Despite the common view of the sonnet as a representation of the Rossettian femme fatale —which the sonnet certainly is—the poem develops various contradictory ideas out of its symbolic/allegorical images. To see this more clearly we should recall DGR's general comment on reading Dante. In a note to the Donna della Finestra passage in the Vita Nuova DGR says: “what I believe to lie at the heart of all true Dantesque commentary . . . is, the existence always of the actual events even where the allegorical superstructure has been raised by Dante himself.” The best readers of DGR have always followed exactly this approach toward Dante's greatest Victorian inheritor. In the present case, then, if we attempt to reconstruct a set of “actual events” within the “allegorical superstructure” of the sonnet, we recover an antithesis very like the one played out in the painting. In the case of the sonnet, however, the key figures are DGR's wife Elizabeth and Jane Morris
The sonnet's most apparent intertext, that is to say the sonnet in The House of Life titled “Life-in-Love”, brings the issues into sharp relief. The key figure is the “strangling golden hair.” Commentators have regularly associated this hair with Fanny Cornforth and have elaborated commentaries on that association, which is based largely on the relation of the sonnet to the original painting. But in the context of The House of Life the hair has to be associated with Elizabeth. Such an association appears at first quite paradoxical, since elsewhere DGR's dead wife stands as a figure of a certain spiritual presence, and scarcely as a sign of “Body's Beauty”.

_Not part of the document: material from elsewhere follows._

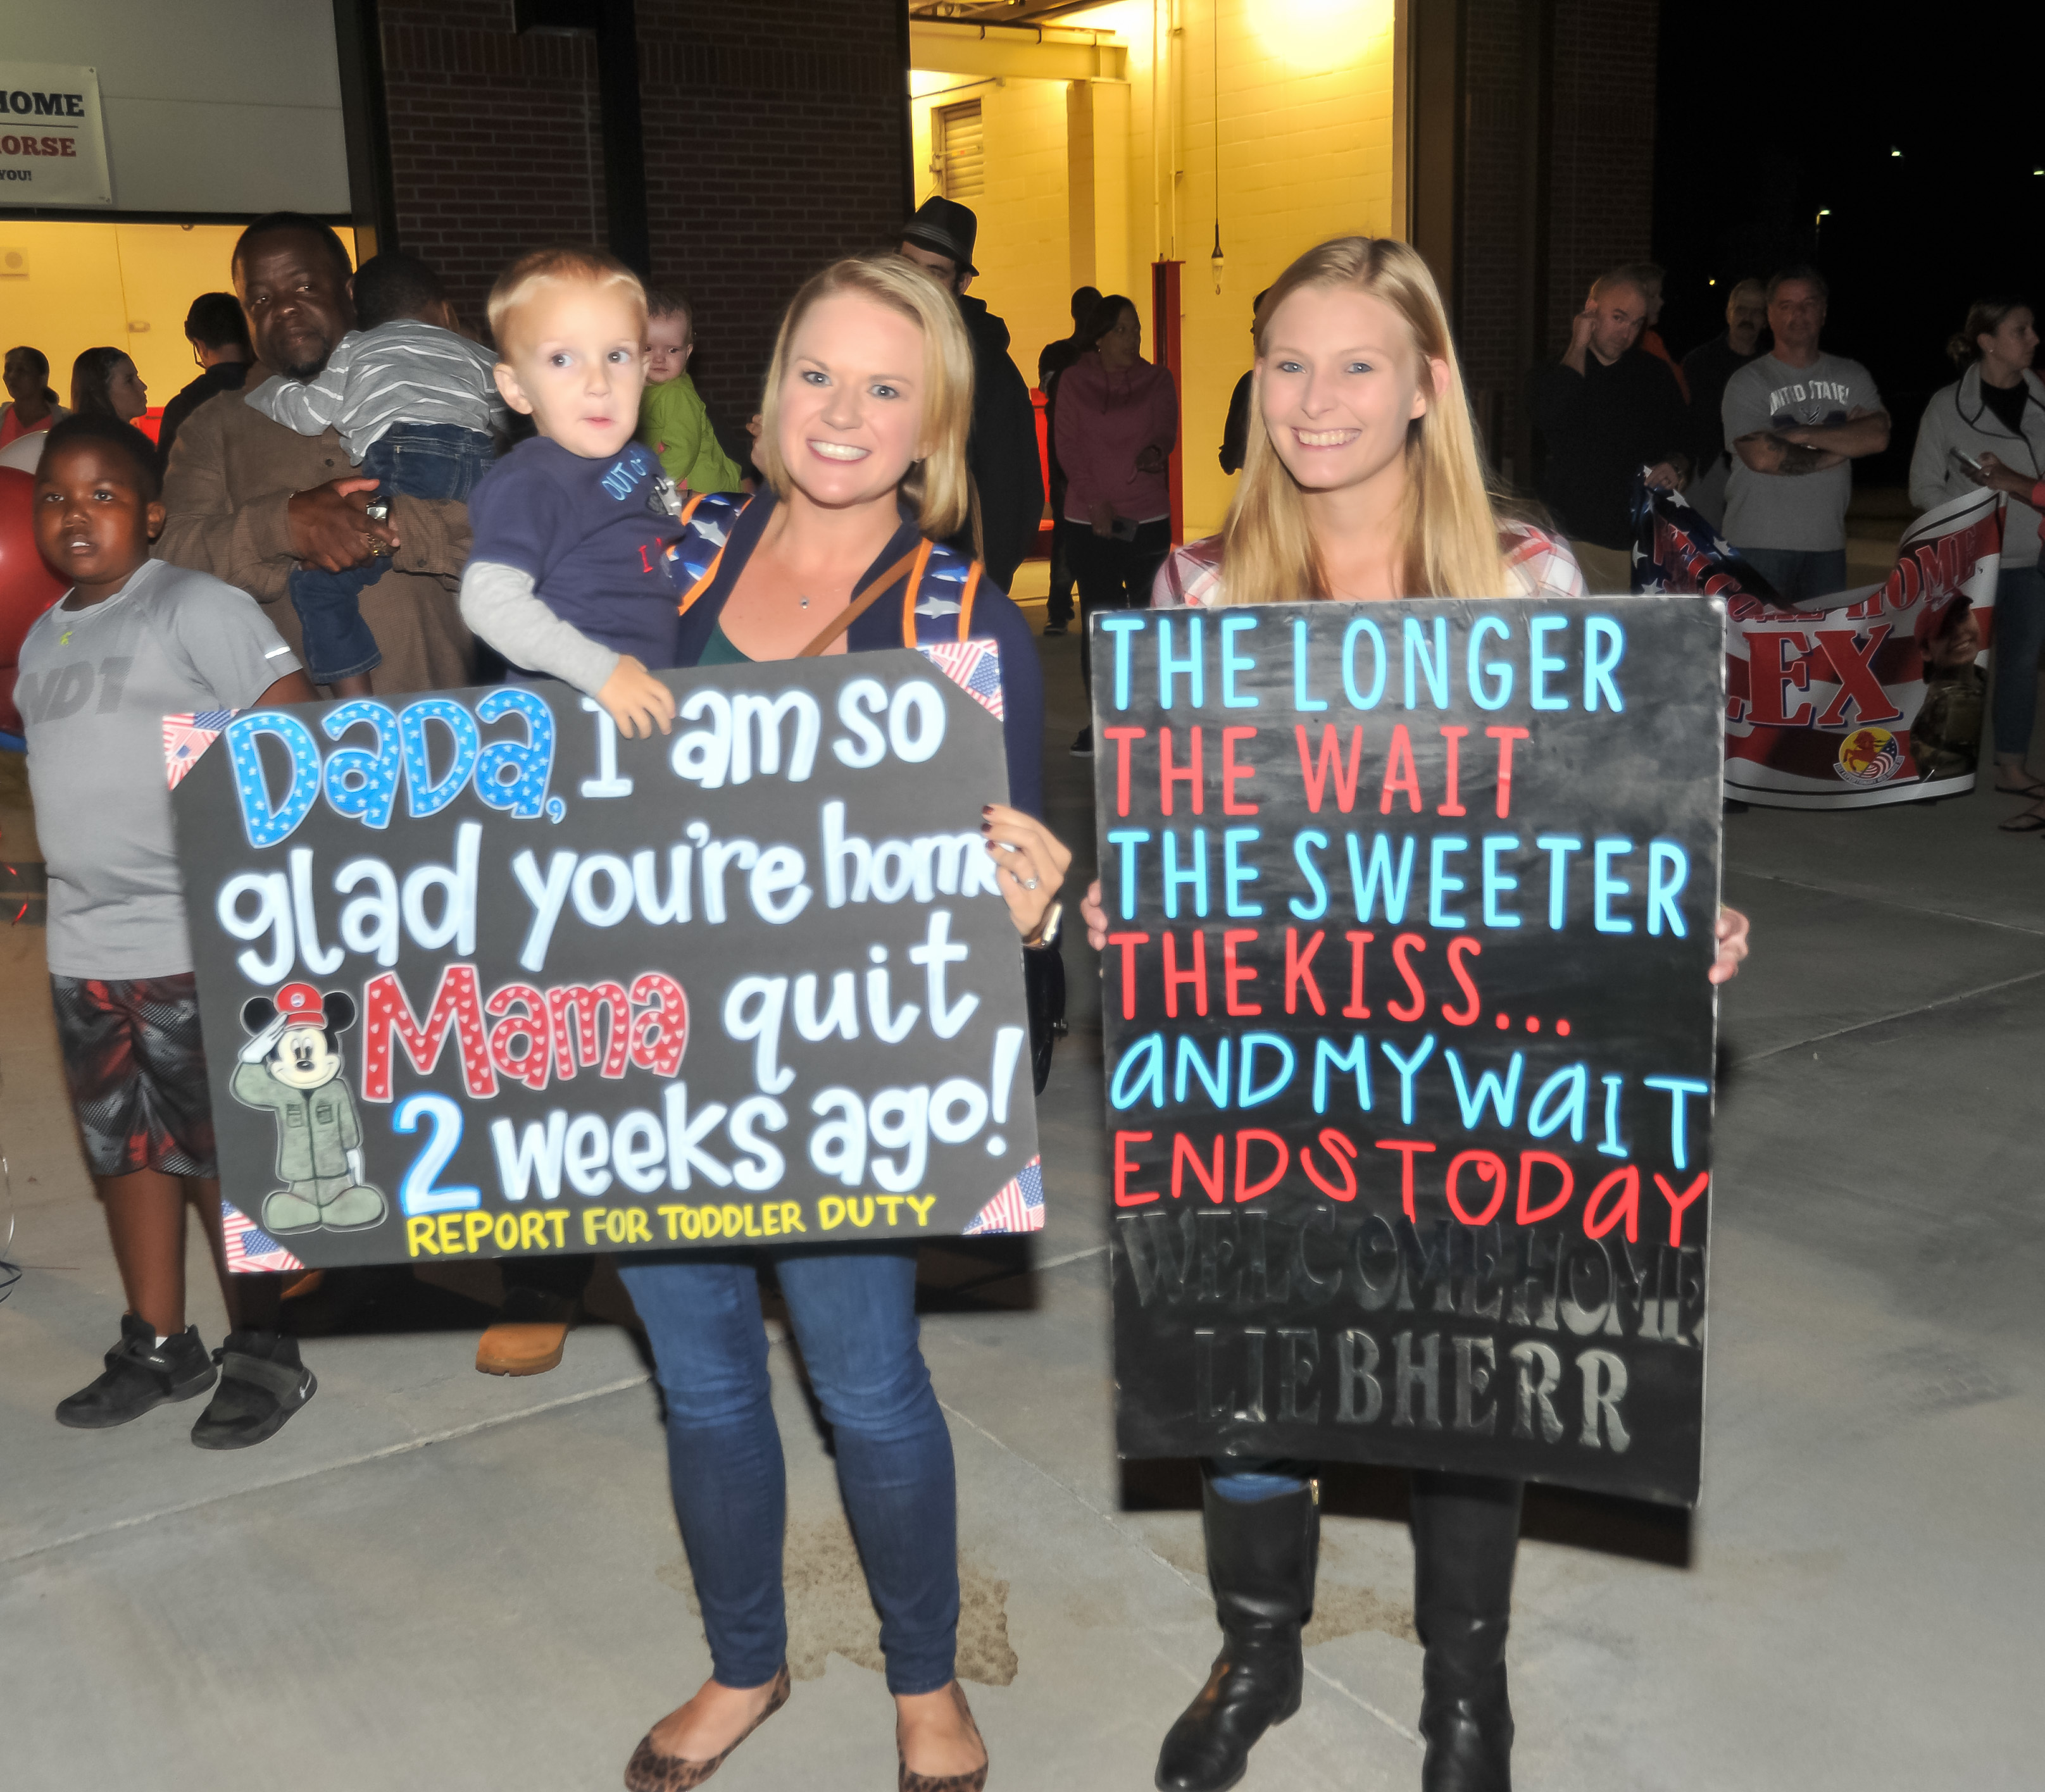 Great, real life ideas for homecoming signs. Keeping for the next deployment. #military #militaryfamily #militaryspouse #milspouse #milso #milspo #inspiration #homecomingsign #crafty #family #deployment #deploymentlife #deploymentsucks

These contradictions are to be registered, not necessarily resolved. They are complicated when DGR's own “bright web” of his poetical intertexts is further elaborated—for instance, when here we read the sonnet also in relation to the companion sonnet of “Life-in-Love”, that is, with “Death-in-Love”, a poem explicitly associated with Elizabeth.
The symbolic/allegorical figure of Lilith can help to clarify these kinds of contradictions. The legends represent Lilith not only as the witch-figure realized in “Eden Bower”, but as a threatening and haunting absent presence (see WMR, Rossetti Papers 1862 to 1870 483-486 , where a compendium of the legends is supplied). Read as a sign of DGR's dead wife, Lilith is to Eve as Elizabeth is to Jane. But of course in DGR's case all autobiographical schemas are themselves sign-systems, not ultimate explanatory references. They function in his work as the imaginative locus of the conflicted emotional relations that so typify DGR's poetry and pictures.
The sonnet of course forms a pair with “Soul's Beauty”, the two comprising an investigation of the ancient theme of sacred and profane love. See also DGR's translation of Dante's sonnet on much the same theme, “Of Beauty and Duty”.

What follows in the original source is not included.